You have proved that if $f_n\Rightarrow f$ and $g_n\Rightarrow g$ on $K$ then $f_n+g_n\Rightarrow f+g$ on $K$. And it will be better if you state that the pole of $f_n+g_n$ lies in poles of $f_n$ and $g_n$.

There is no need to prove that $f+g$ has a pole in $E$ since $f+g$ is defined on $K$.

$\partial G\subset \partial V$:

Lemma 1. Suppose $X$ is a topological space and $A$ is a component of $X$, then $A$ is closed in $X$.

Lemma 2. Suppose $X$ is an open subset of $\mathbb{C}$ and $A$ is a component of $X$, then $A$ open.

Back to your question, $G$ is open by lemma 2. Let $E=V\backslash G$, then $E$ is open in $V$ by lemma 1 and thus $E$ is open in $\mathbb{C}$.

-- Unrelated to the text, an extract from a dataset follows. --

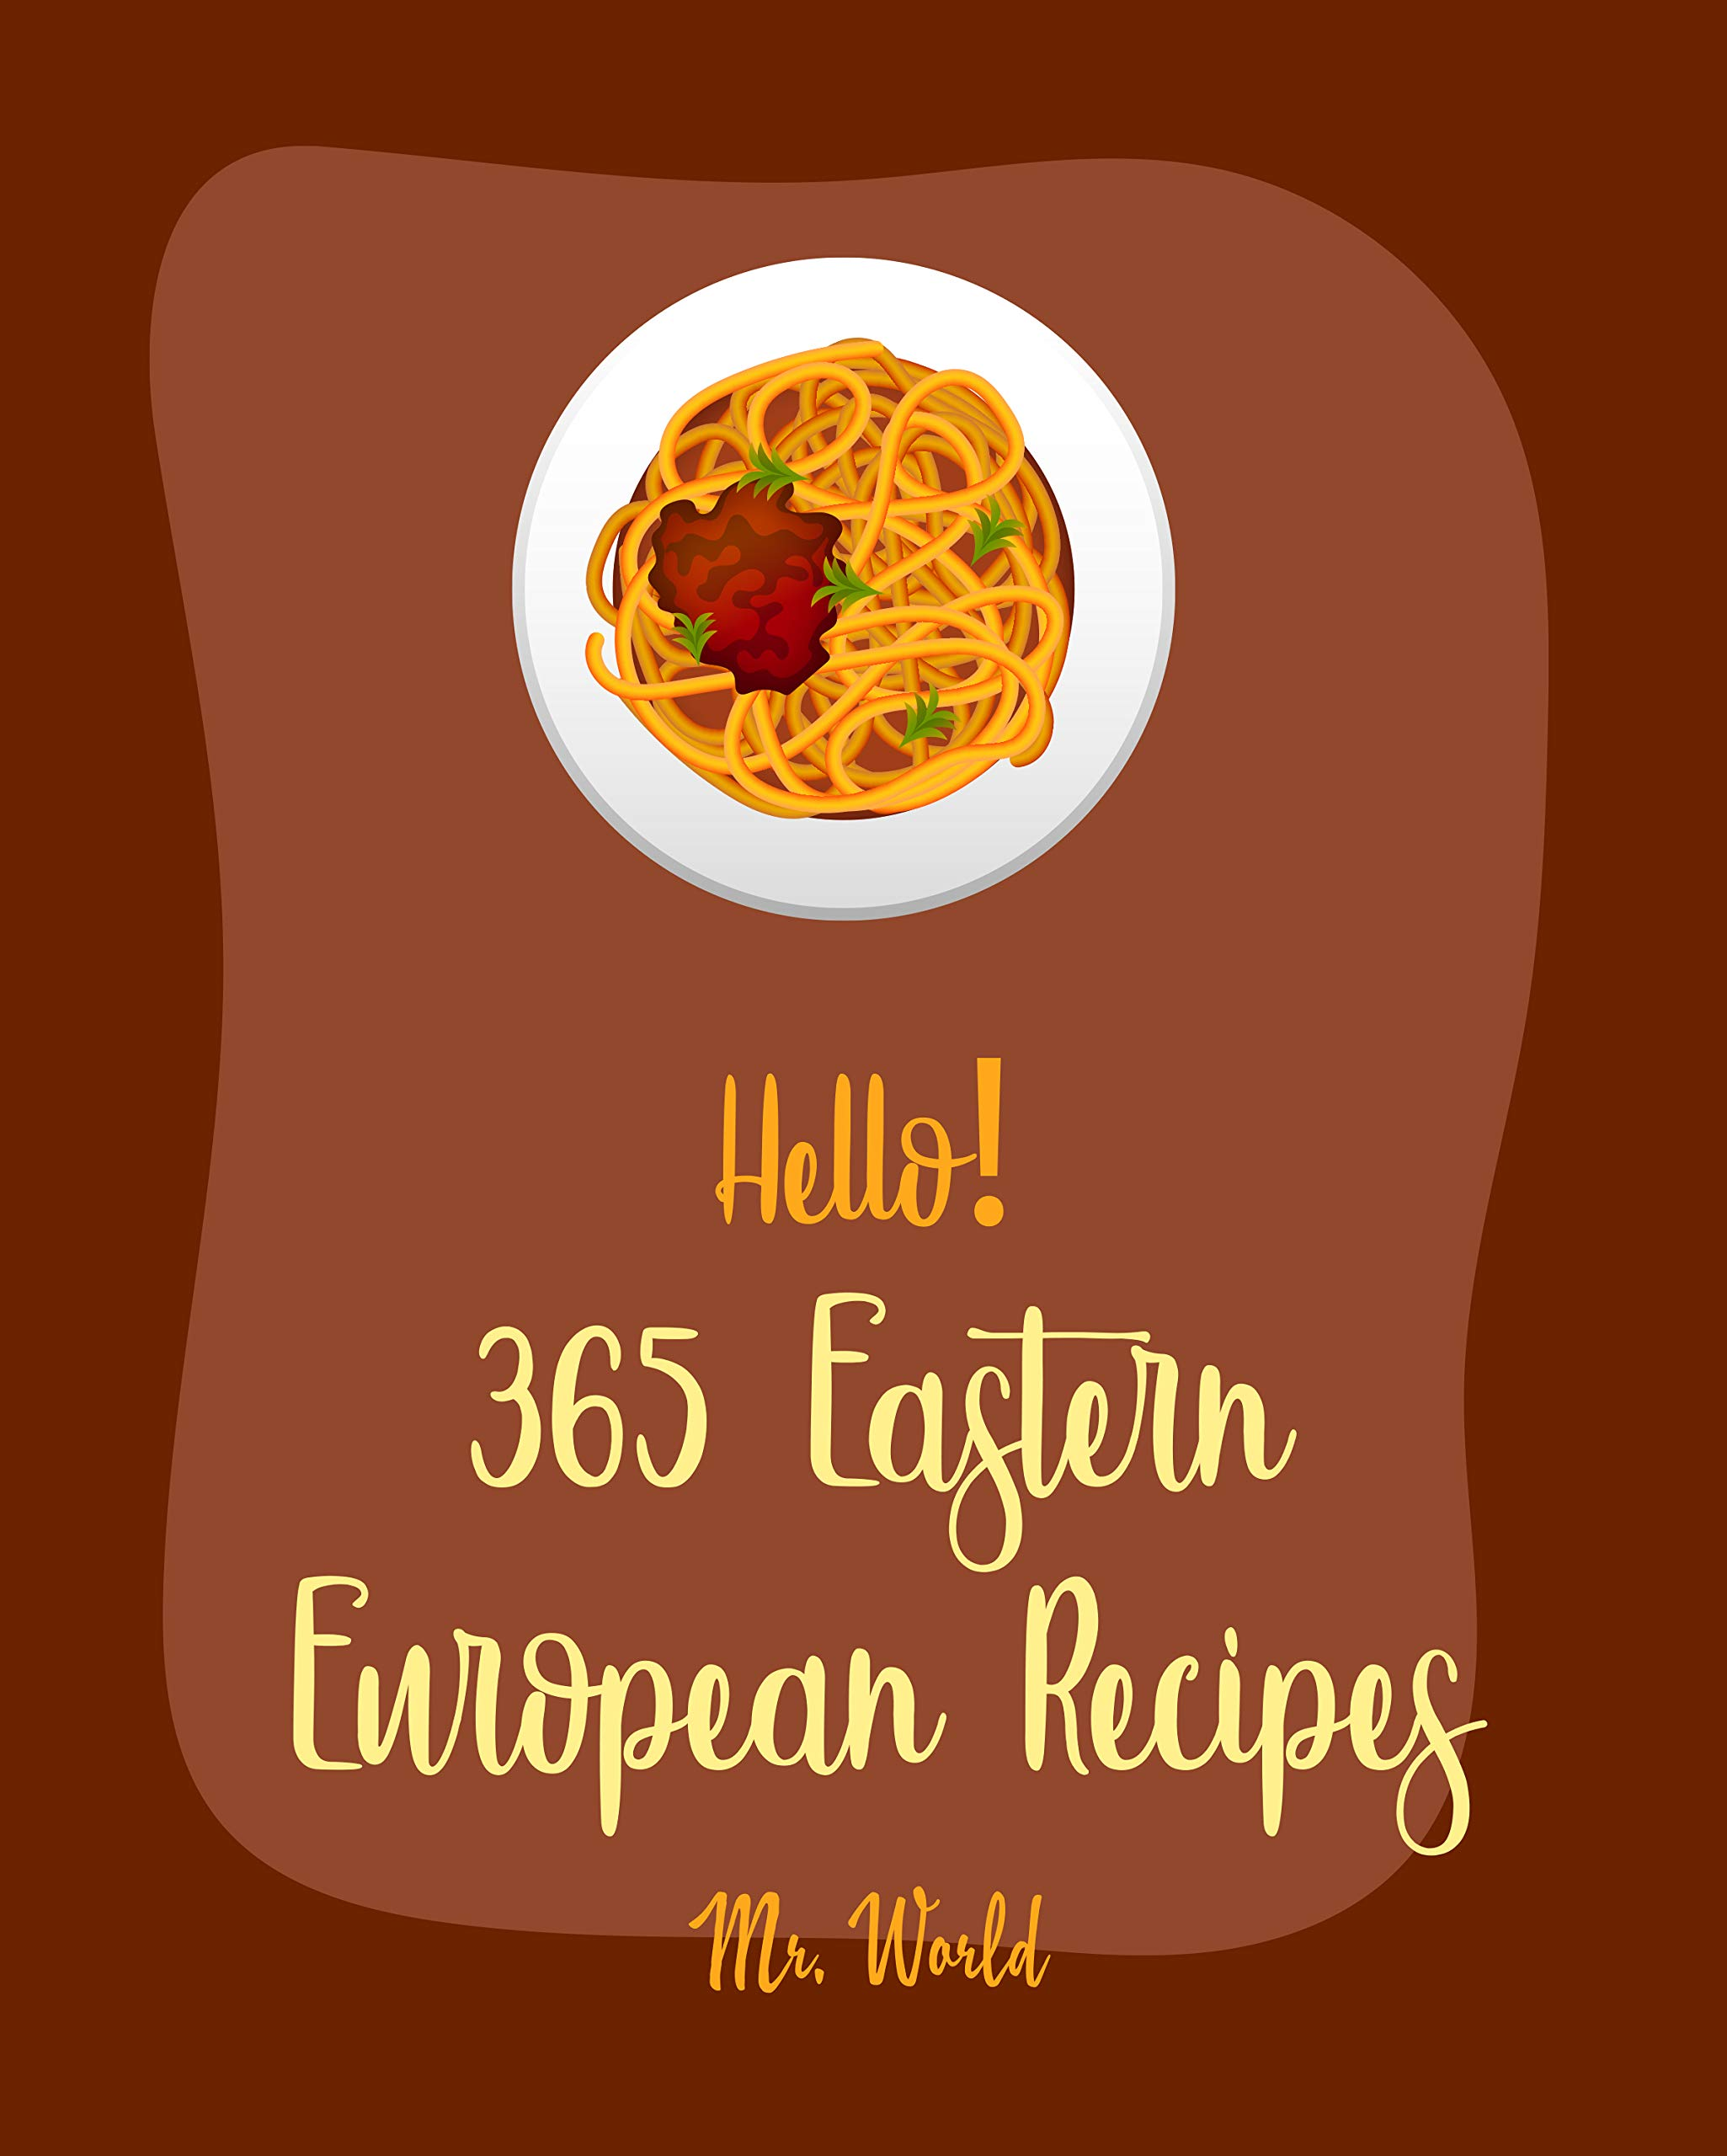 Hello! 365 Eastern European Recipes: Best Eastern European Cookbook Ever For Beginners [Polish Cookbook, Hungarian Recipes, Russian Recipes Cookbook, Egg ... Recipe, Beef Stroganoff Recipe] [Book 1]

\begin{align*} \partial V & =\overline{V^c}\cap \overline{V}\\ & =\overline{(G\cup E)^c}\cap \overline{G\cup E}\\ & =(G^c\cap E^c)\cap (\overline{G}\cup\overline{E})\\ & =(G^c\cap E^c\cap \overline{G} )\cup (G^c\cap E^c\cap \overline{E})\\ & =(G^c\cap \overline{G})\cup (E^c\cap \overline{E})\\ & =\partial G\cup \partial E. \end{align*} The penultimate equation is because $\overline{G}\subset E^c$ and $\overline{E}\subset G^c$.

So the following conclusion is obatained:

Conclusion. Suppose $X$ is an open subset of $\mathbb{C}$ and $A$ is a component of $X$, then $\partial X=\partial A\cup\partial (X\backslash A)$.